Professor of Molecular Neurogenetics, Wellcome Trust Principal Research Fellow, Honorary Consultant in Medical Genetics
After completing his basic medical training and housejobs, David Rubinsztein did a BSc(Med) Hons and PhD in the Medical Research Council/University of Cape Town Unit for the Cell Biology of Atherosclerosis. He came to Cambridge in 1993 as a senior registrar in Genetic Pathology. During this period, he started working on Huntington’s disease and developed an independent research group.
In 1997, David Rubinsztein acquired his Certificate of Completion of Specialist Training and was awarded a 6 year Glaxo Wellcome Fellowship. His research, which is based in the Department of Medical Genetics in the Cambridge Institute for Medical Research, is focused on trying to understand the processes underlying the pathology in Huntington’s disease and related conditions associated with intracellular aggregates. He is trying to develop therapeutic strategies for these conditions and has a major focus studying the roles of autophagy in neurodegeneration. In 2001 he was awarded Wellcome Trust Senior Clinical Fellowship, which was renewed in 2006. In 2011, he was awarded a Wellcome Trust Principal Research Fellowship.

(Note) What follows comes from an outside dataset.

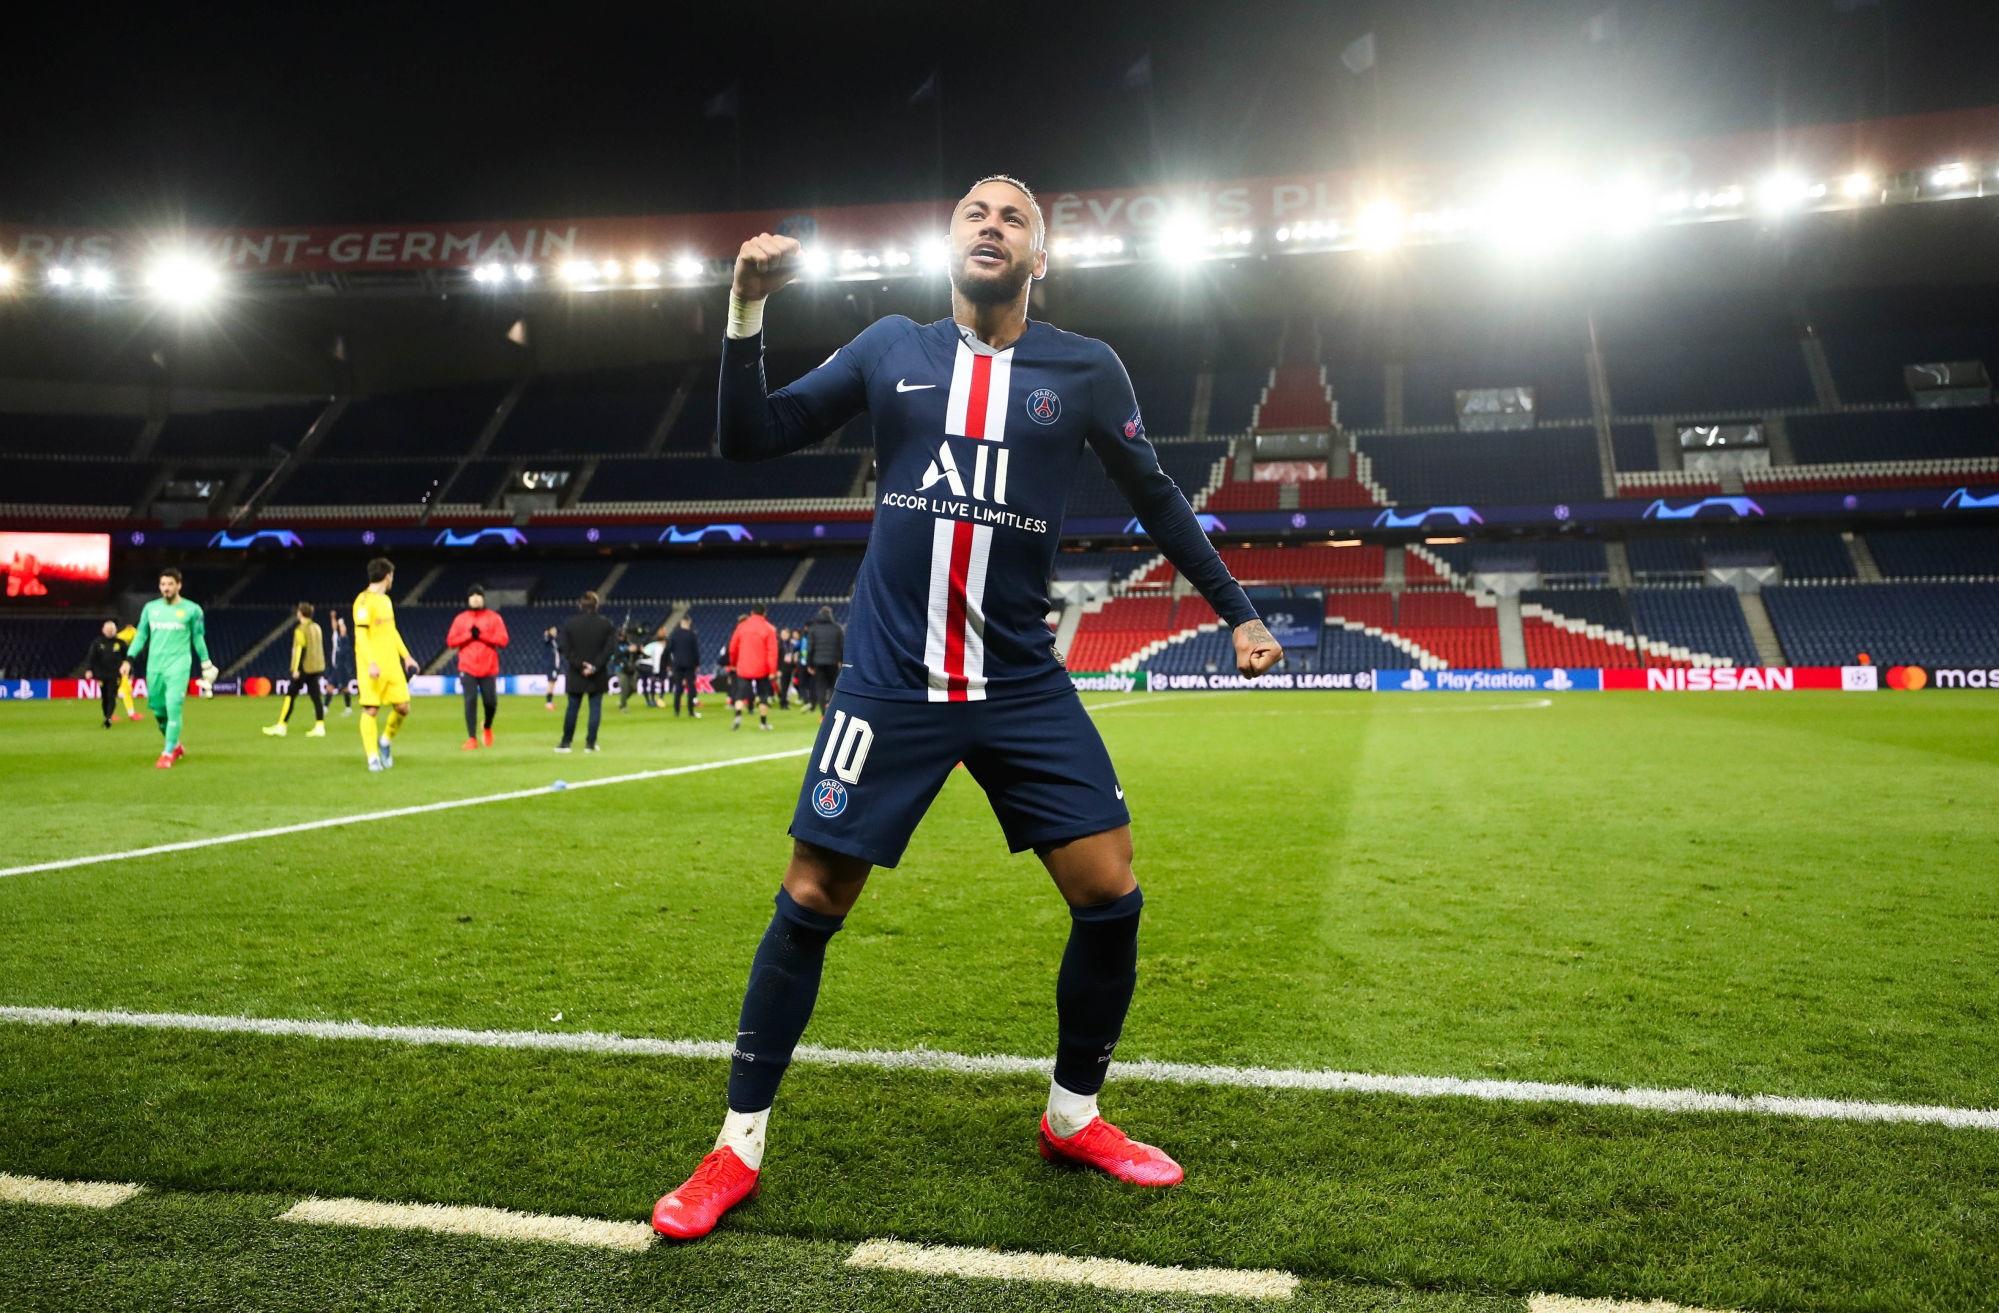 Dortmund chambre le PSG après la défaite à Lorient, Neymar répond

David Rubinsztein was appointed to a Personal Readership at the University of Cambridge in 2003 and was elected as a Fellow of the Academy of Medical Sciences in 2004. In 2005 he was promoted to Professor of Molecular Neurogenetics at the University of Cambridge (personal chair). Rubinsztein has been an author on more than 270 scientific papers, including recent studies in Nature Chemical Biology (2007, 2008), Molecular Cell (2009,2011, 2012), Cell (2010,2011, 2012), Science Translational Medicine (2010), and Nature Cell Biology (2010, 2011). He was awarded the Graham Bull Prize for Clinical Science by the Royal College of Physicians in 2007 and was elected as a member of EMBO in 2011. He is presently Deputy Director of CIMR.